Der billige Euro nützt Deutschlands Exporten Foto: dpa

Die Niedrigzinspolitik ist eine Folge der Krise – und sie nützt in der gegenwärtigen Lage der deutschen Wirtschaft. Doch wie lange kann es gutgehen, dass Deutschland aus der Krise anderer Euro-Staaten den Nutzen zieht?

Stuttgart - Manch einer reibt sich verwundert die Augen: Versucht Europa derzeit nicht verzweifelt, ganze Staaten vor dem Zusammenbruch zu retten? Biegt die Notenbank EZB die Regeln der Geldpolitik nicht bis aufs Äußerste, um immer neues Geld in die Märkte zu pumpen und das Bankensystem flüssig zu halten? In dieser Situation wirkt die Nachricht von der extrem niedrigen Arbeitslosigkeit in Deutschland wie aus der Zeit gefallen. 2,764 Millionen Menschen waren zum Jahreswechsel ohne Job – das sind für einen Dezember so wenige wie seit 24 Jahren nicht mehr. All das klingt aus deutscher Sicht so positiv, dass man es kaum glauben möchte.

Deutschland bekommt durch die weltwirtschaftliche Lage gerade ein Konjunkturprogramm der Extraklasse. Weil die EZB Euro auf Teufel komm raus druckt und große EU-Länder wie Italien und Frankreich tief in der Krise stecken, sinkt der Wert des Euro auf Tiefststände, wie man sie lange nicht mehr gesehen hatte. Weil zugleich – etwa wegen der Fracking-Technologie in den USA – das weltweite Öl- und Gasangebot steigt und auf eine flaue Nachfrage trifft, ist zudem der Ölpreis mittlerweile bei der Hälfte des Stands vom Sommer angelangt.

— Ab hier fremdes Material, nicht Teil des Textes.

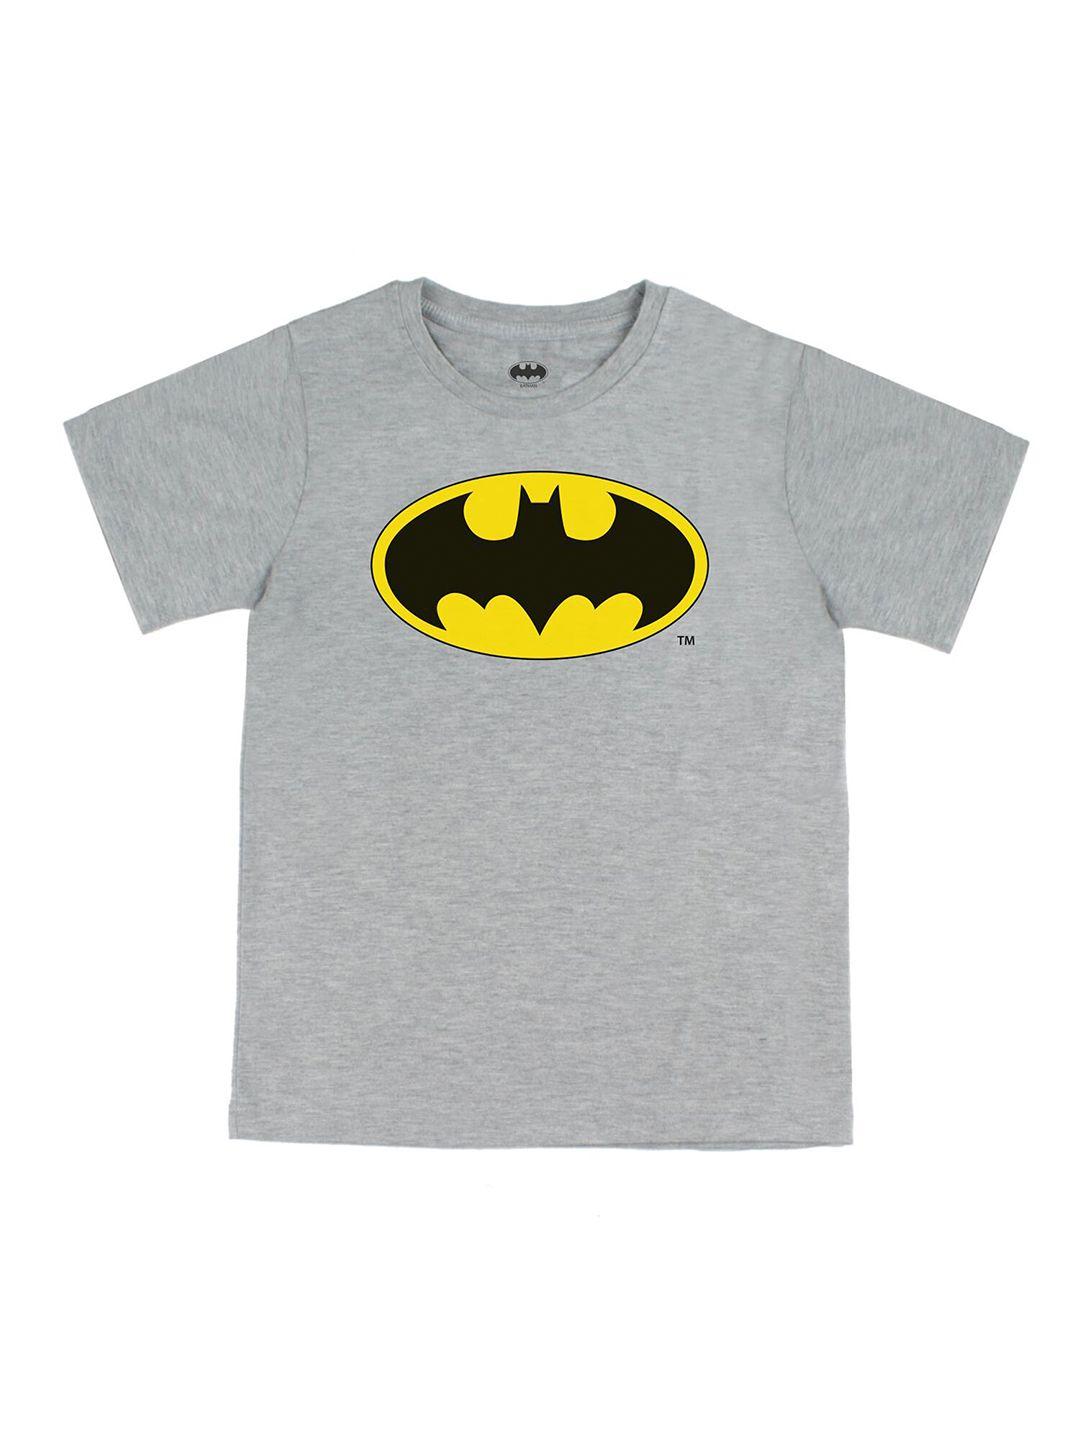 dc by wear your mind boys grey batman printed applique t-shirt

Beides zusammen kurbelt die Wirtschaft kräftig an: Der schwache Euro hilft der deutschen Wirtschaft auf den Exportmärkten, denn er führt dazu, dass deutsche Firmen etwa ihre Dollar-Einnahmen gegen höhere Euro-Beträge eintauschen können. Der niedrige Ölpreis entlastet nicht nur Unternehmen, sondern auch Verbraucher, deren Kaufkraft durch die niedrigeren Energiekosten gestärkt wird. All das klingt beinahe wie ein deutsches Wintermärchen.

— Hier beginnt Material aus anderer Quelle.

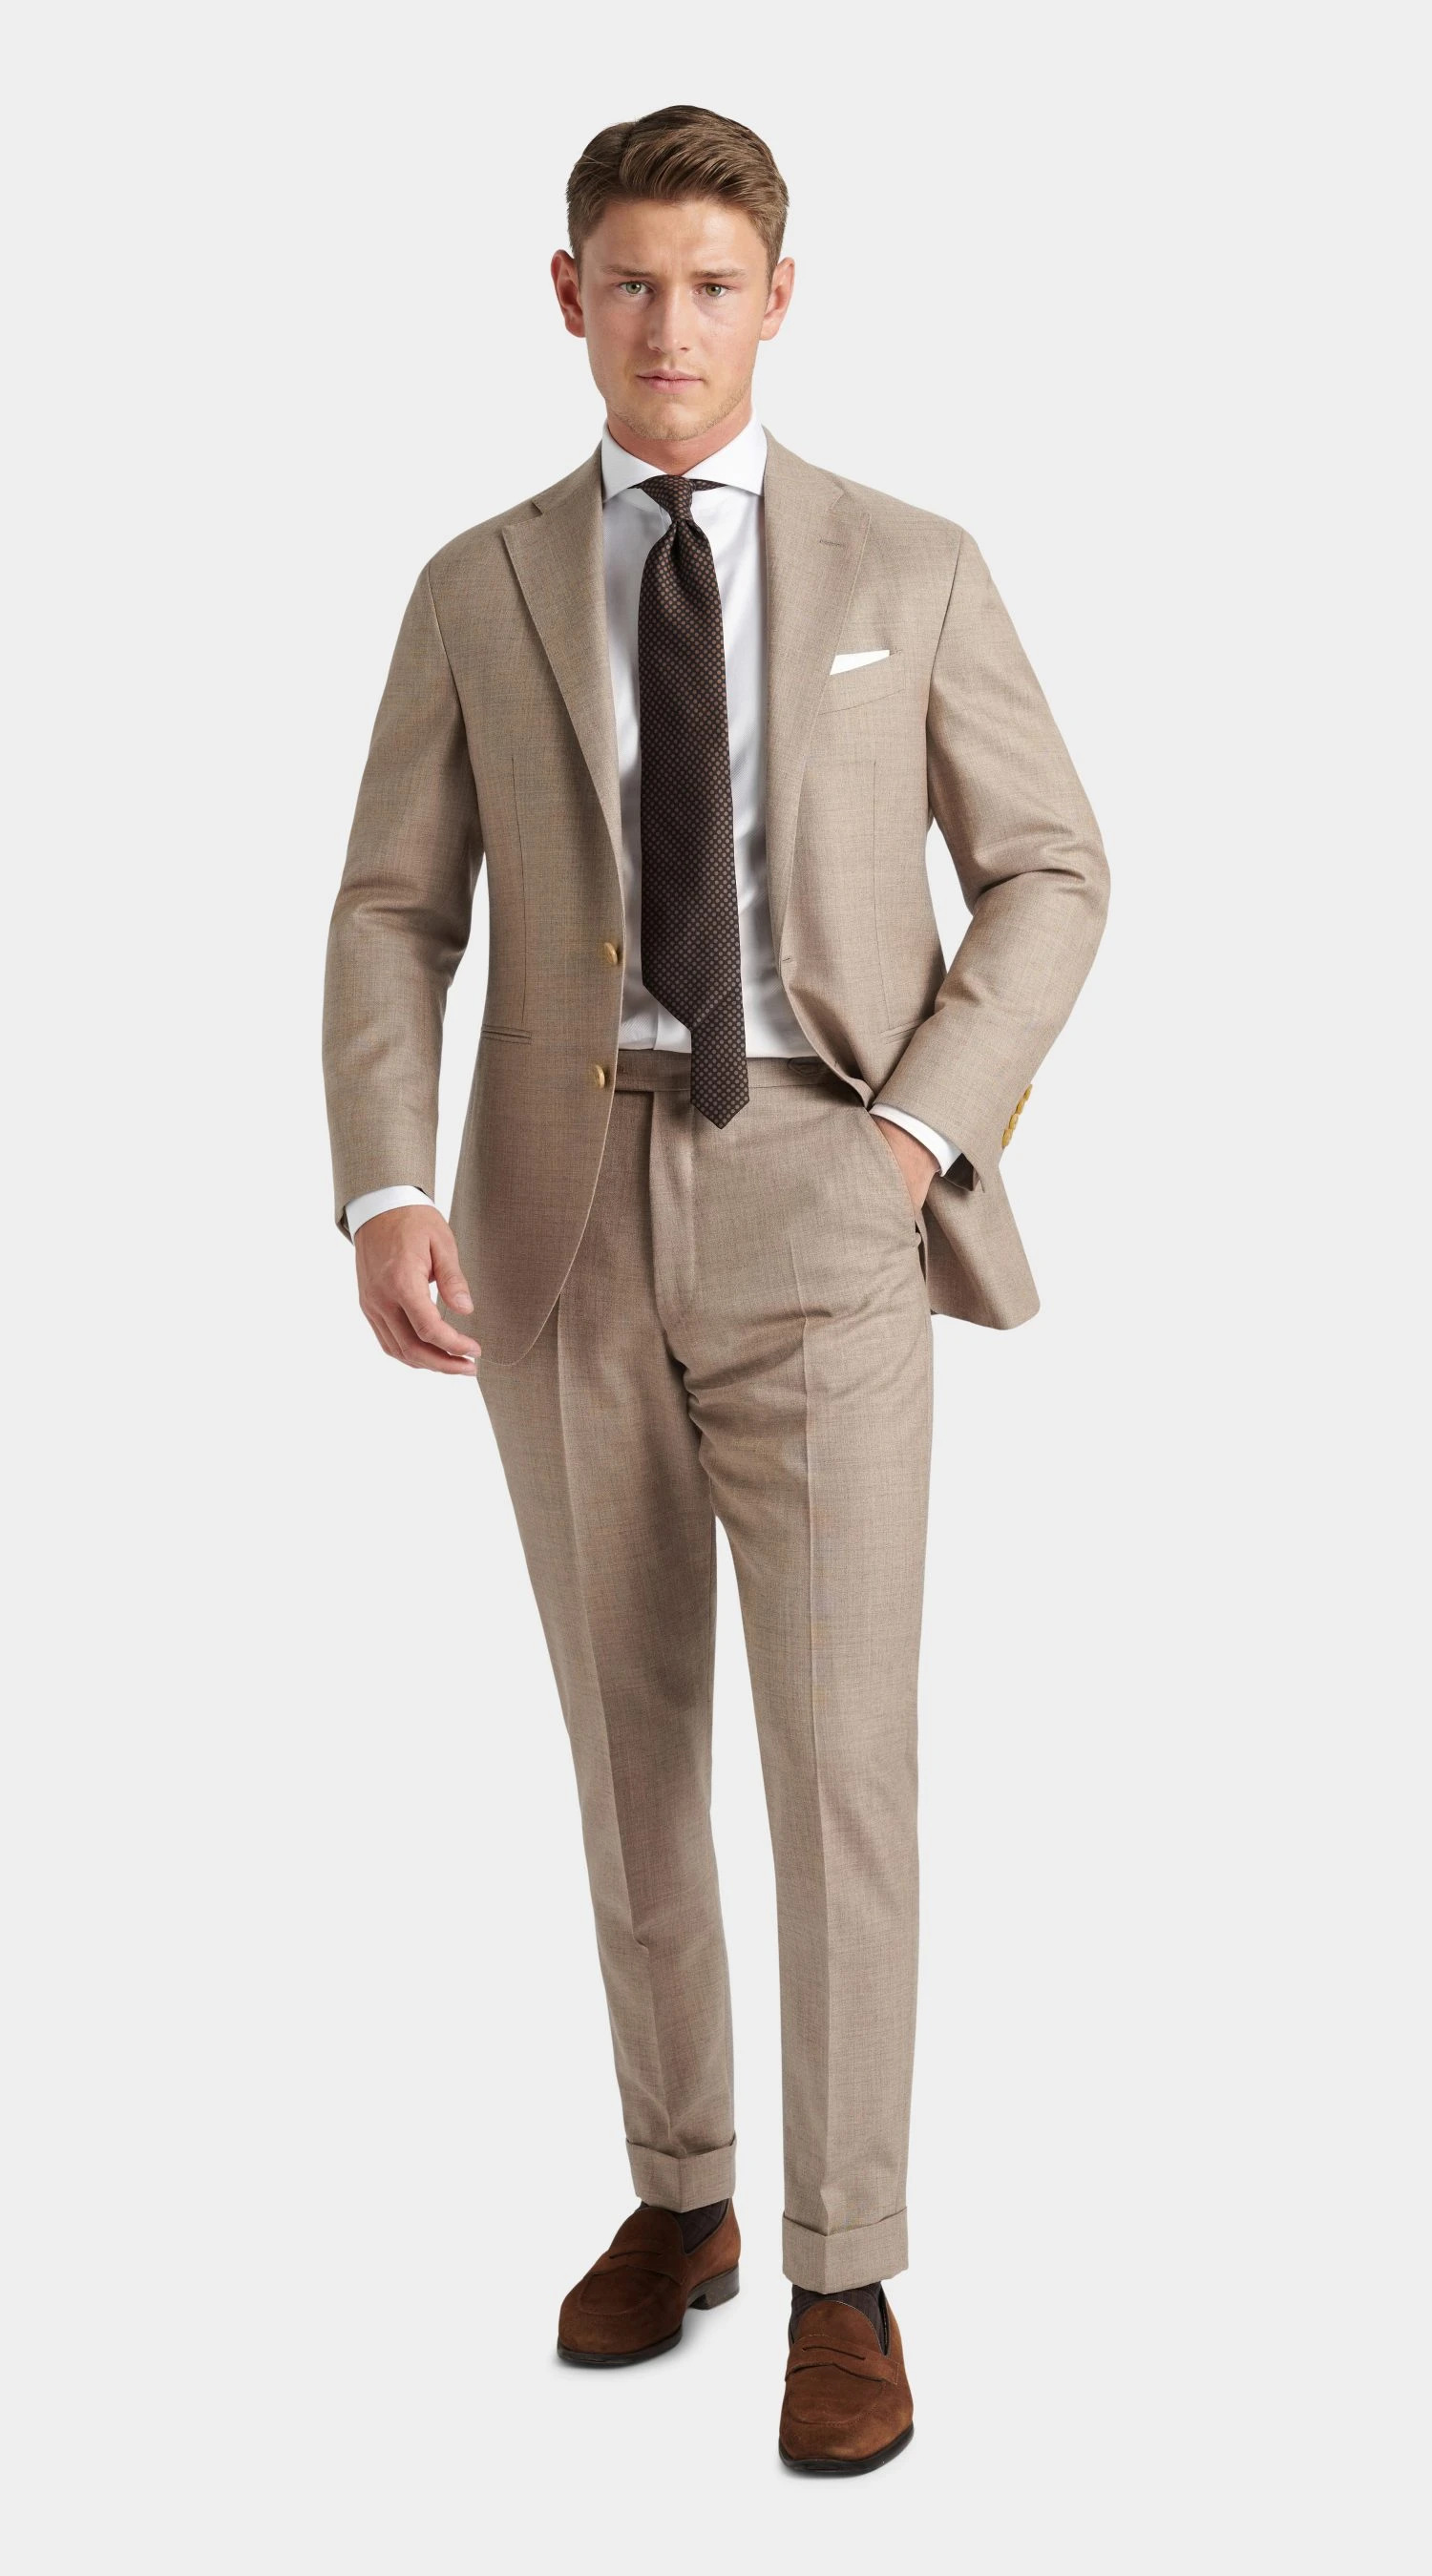 NEW beige / tan suit in twistair fabric, with brown tie

Doch kann das dauerhaft so bleiben? Fragezeichen sind durchaus angebracht, denn die gegenwärtige Wirtschaftslage hat sehr viel damit zu tun, dass die Euro-Schwergewichte Italien und Frankreich nach wie vor lahmen und nicht in der Lage sind, ihre Schuldenberge abzutragen. Die Lage im wirtschaftlich eher unbedeutenden Griechenland zeigt, wie viel Kapital politische Kräfte in Krisenstaaten aus einer solchen Lage schlagen können. Wer als Politiker den Bürgern verspricht, die Steuergelder lieber zu verteilen, als sie für den Abbau der überhöhten Staatsverschuldung einzusetzen, darf sich großen Zuspruchs sicher sein; dies ist einer der Gründe dafür, dass sich in diesen Staaten keine politische Kraft für entschlossene Reformen einsetzt, die ihre wirtschaftliche Lage verbessern könnten.

Solange diese Länder aber lahmen, bleibt Deutschland so oder so in der Haftung: Für die Rettungsbillionen der Notenbank muss das Land in einem Ausmaß geradestehen wie kein anderes. Würde die Rettung komplett eingestellt, wäre Deutschland allerdings erst recht in der Haftung: Dann würde sich in diesen wichtigen Ländern die politische und wirtschaftliche Lage verschärfen. Die Deutschen sind somit in der unkomfortablen Lage, für innenpolitische Entscheidungen in Ländern zu haften, auf die sie gar keinen Einfluss haben. Die EU ist durch Mitgliedsländer erpressbar geworden; und das betrifft auch ihren wichtigsten Financier.

Einerseits zieht Deutschland den größten Nutzen aus der Lage, andererseits hat das Land einen besonders hohen Einsatz bei der Euro-Rettung – das sind die beiden Seiten der gleichen Medaille. Sie zeigen, wie groß der Graben ist, der die EU-Staaten voneinander trennt. Derzeit ist Deutschland auf der Gewinnerseite – doch eine Lage, in der ein Gewinner mit vielen Verlierern in einem Boot sitzt, wird auf Dauer keinen Bestand haben können.